= 1830s Chicago real estate bubble =

The Chicago real estate bubble of the 1830s was a real estate bubble, during which time the per acre prices (in 2012 dollars) in the future Chicago Loop increased from $800 in 1830 to $327,000 in 1836, before falling to $38,000 per acre by 1841. The Bank of Illinois began foreclosing on large amounts of real estate in the aftermath of the bust before it declared bankruptcy in 1842.

== Background ==

Until the widespread use of railroads, water access was critical to trade; it typically cost as much to move goods 30 miles over land as to ship them across the Atlantic Ocean. As a result, land near shipping routes and key ports was extremely valuable. The opening of the Erie Canal in 1825 caused economic booms throughout the Great Lakes region by opening eastern and European markets to Midwestern farm products, while also allowing for efficient transportation of finished goods and immigrants to the Great Lakes. Chicago, occupying the southwestern terminus of the area accessible by the Erie Canal and providing the easiest portage to the Mississippi River System, would benefit tremendously. Chicago would later name streets Canal and Clinton (for canal proponent DeWitt Clinton) in honor of the commercial importance of the canal to its economy.

Chicago had been recognized since Louis Joliet in the 17th century as a strategic portage site at the junction of the Mississippi River System and the Great Lakes. In 1835, the State of Illinois committed to eliminate the need for portage and to dig the Illinois and Michigan Canal. With its completion, Chicago would become a major focal point of the United States' transportation network.

At this time, the Illinois state government appears to have intended to further boost real estate through aggressive lending practices. Because the Bank of Illinois was beholden to state policy, and because the state legislature forced the bank to support real estate, Homer Hoyt, land economist and real estate appraiser, believes that the Bank of Illinois may not have been charging appropriate interest rates given the probability of default. While furthering the speculative bubble, these low rates increased the risks at the Bank of Illinois, as well as other Illinois banks that followed the Bank of Illinois' lead.

== Boom and Bust ==
As a result of these factors, prices for land in the Chicago Loop rose from essentially nothing in 1830 ($800 per acre in 2012 dollars) to New York levels by 1836 ($327,000 per acre in 2012 dollars), a 40,775% increase, with even higher prices around Dearborn Avenue and the Chicago River. Furthermore, Illinois in general experienced a huge boom in real estate prices and town foundations. Walters estimates that the foundations of 1/3 of all towns ever created in central Illinois occurred between 1835 and 1837.
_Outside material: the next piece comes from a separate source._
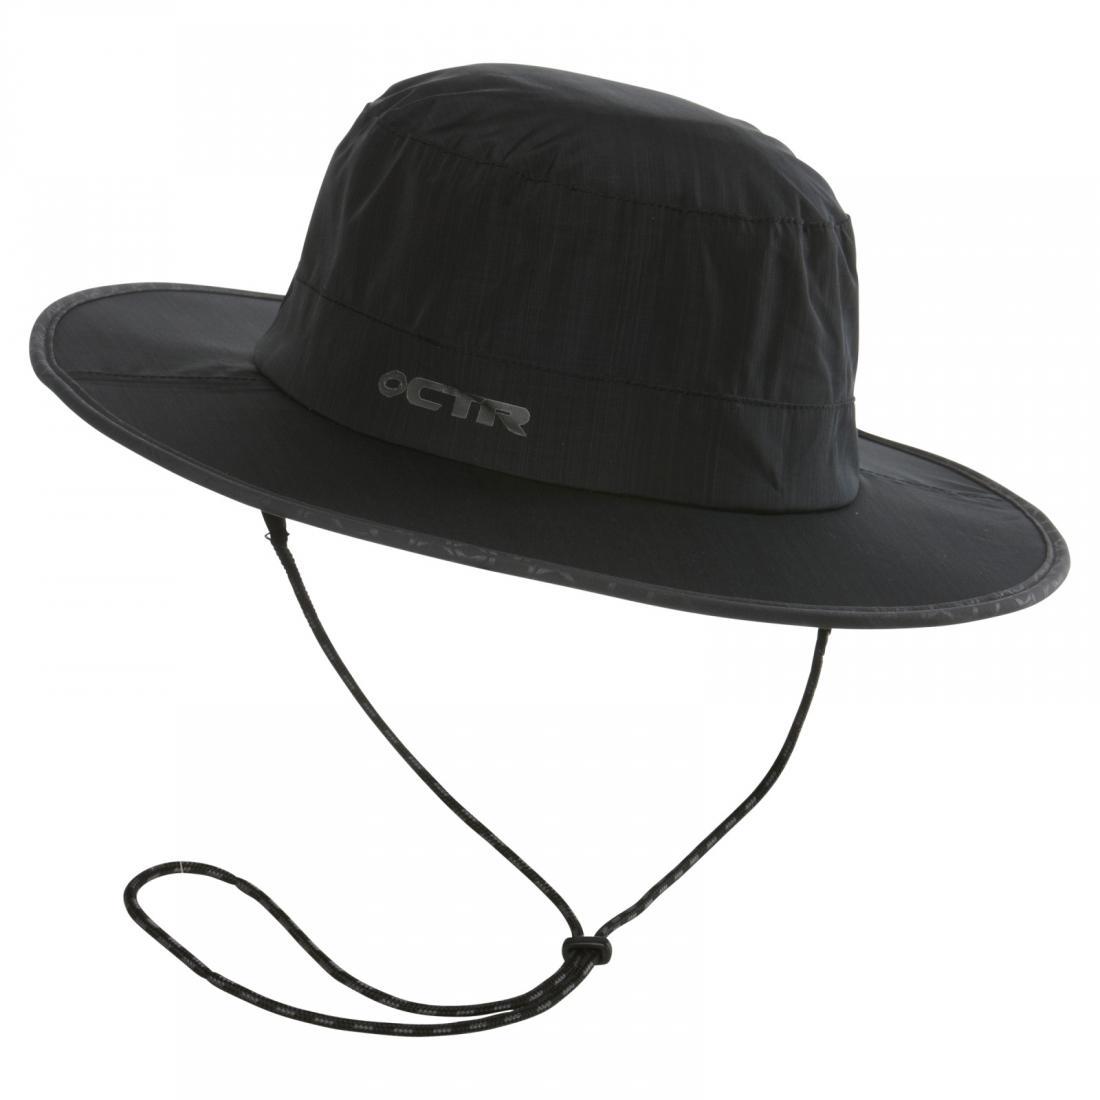 Панама Chaos  Stratus Boat HatПанамы<br><br> Удобная панама классической формы Stratus Boat Hat — это стильное решение для путешественников от фирмы Chaos. Она пригодится вам в любую погоду — и в дождь, и в солнечный день. Лаконичный дизайн позволяет носить эту модель как мужчинам, так и женщ...<br><br>Цвет: Черный<br>Размер: S-M

In 1837, there was widespread panic due to credit tightening from England. On May 29, 1837, as depositors began to withdraw money en masse, Illinois banks suspended payments. As these banks fell into bankruptcy, Illinois' internal improvements, like the canals that were supposed to be financed by the banks, stopped. This led to considerable uncertainty as to Chicago's future, and combined with a general lack of credit, caused Chicago real estate prices to fall approximately 88% from their peak by 1841.

== Aftermath ==

The Illinois and Michigan Canal was finally completed in 1848, connecting Chicago to the Mississippi River and fulfilling the expectations of the original investors. By 1856, even Chicago Loop property that had been purchased at the height of the bubble still yielded a 3.6% annualized return. Statewide, the results were worse, with 2/3 of all Illinois towns founded during the boom abandoned or never occupied, while town foundations came to an abrupt halt and did not begin again until the 1850s.

== Analysis ==

Edward Glaeser, professor of economics at Harvard, notes that the Chicago property bubble was more a product of unpredictability than irrationality. Given the risk that Chicago might not become the transportation hub of the Midwest, values immediately after the crash appear justifiable. And even at the peak of the bubble, Chicago's prospects looked especially bright: land values in 1836 made sense given the defensible assumption that Chicago prices would rise to a quarter of those in New York City.